Silverfish control in Greenpoint: what to know
Greenpoint's pre-war brick row houses and multi-family walk-up buildings along Manhattan Avenue and Driggs Street have the shared walls, basement utilities and original plumbing where cockroaches and mice travel freely between the neighbourhood's densely packed units.
The industrial waterfront along Newtown Creek — historically a heavy-industry zone with legacy contamination — sustains large rodent populations that feed into the residential blocks to the west; the creek infrastructure provides rodent travel routes that are difficult to intercept without systematic building-level treatment.
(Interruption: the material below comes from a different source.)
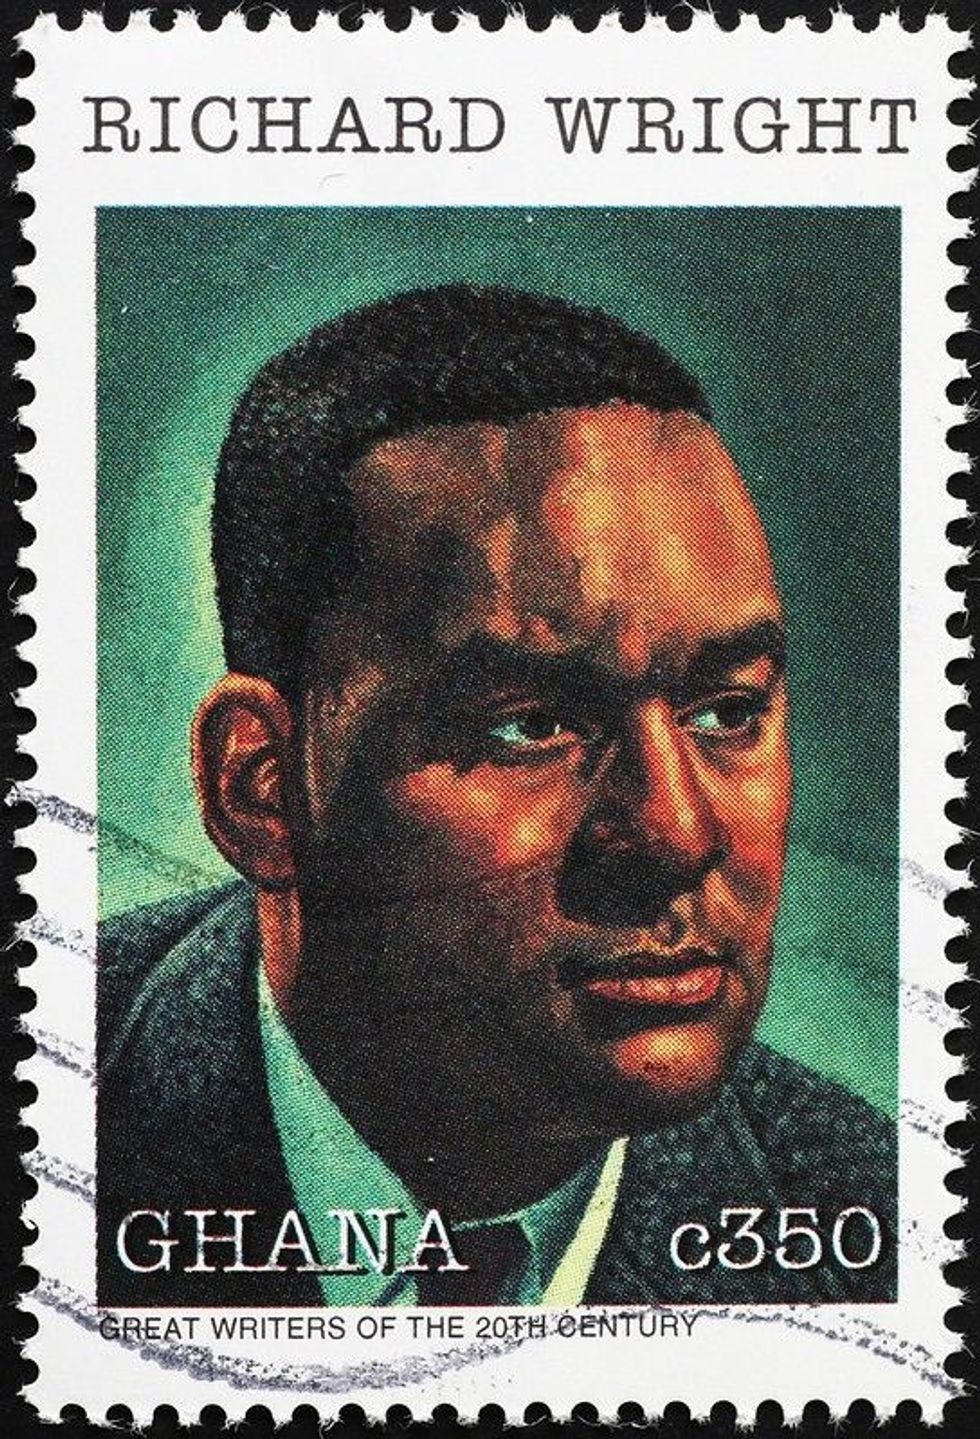 Richard Wright portrait on postage stamp.

A growing restaurant scene along Manhattan Avenue and the nightlife cluster near Greenpoint Avenue drives fly and rodent pressure; high renter turnover in newly converted buildings makes bed bug vigilance important.
Signs you need silverfish control
- Small, silvery, teardrop-shaped insects darting across bathroom or basement floors, especially at night
- Tiny holes, notches or surface etching on paper, wallpaper, book spines or stored documents
- Yellowish stains or fine pepper-like droppings in cabinets, drawers and bookshelves
- Damage to starched or stored clothing and natural-fibre fabrics
- Shed skins or a faint dusty residue in damp closets, under sinks and around plumbing
How we treat silverfish control in Greenpoint
Silverfish are the small, teardrop-shaped, silvery insects that dart across bathroom floors and basement walls and wriggle like a fish when you disturb them. They're a classic moisture pest: silverfish live and develop in damp, warm places, which is exactly what New York apartments offer in abundance — humid bathrooms, below-grade basements, laundry rooms and the deep wall voids of pre-war buildings.
They feed on starches and paper: cereals, flour and pet food, the glue and paste in book bindings, wallpaper paste, sizing in paper, and the starch in stored clothing. Because their flat bodies let them slip into narrow crevices, they hide by day inside wall voids, behind baseboards, in closets and bookcases, and around the gaps where pipes pass through walls — then come out at night to feed. That's why a can of spray rarely works: the population you see is a fraction of the one tucked into the moisture-rich voids you can't reach.
Local landmarks & coverage
We serve all of Greenpoint and the surrounding Brooklyn area — including Manhattan Avenue, Greenpoint Avenue, McGolrick Park, Newtown Creek, Transmitter Park — across ZIP codes 11222.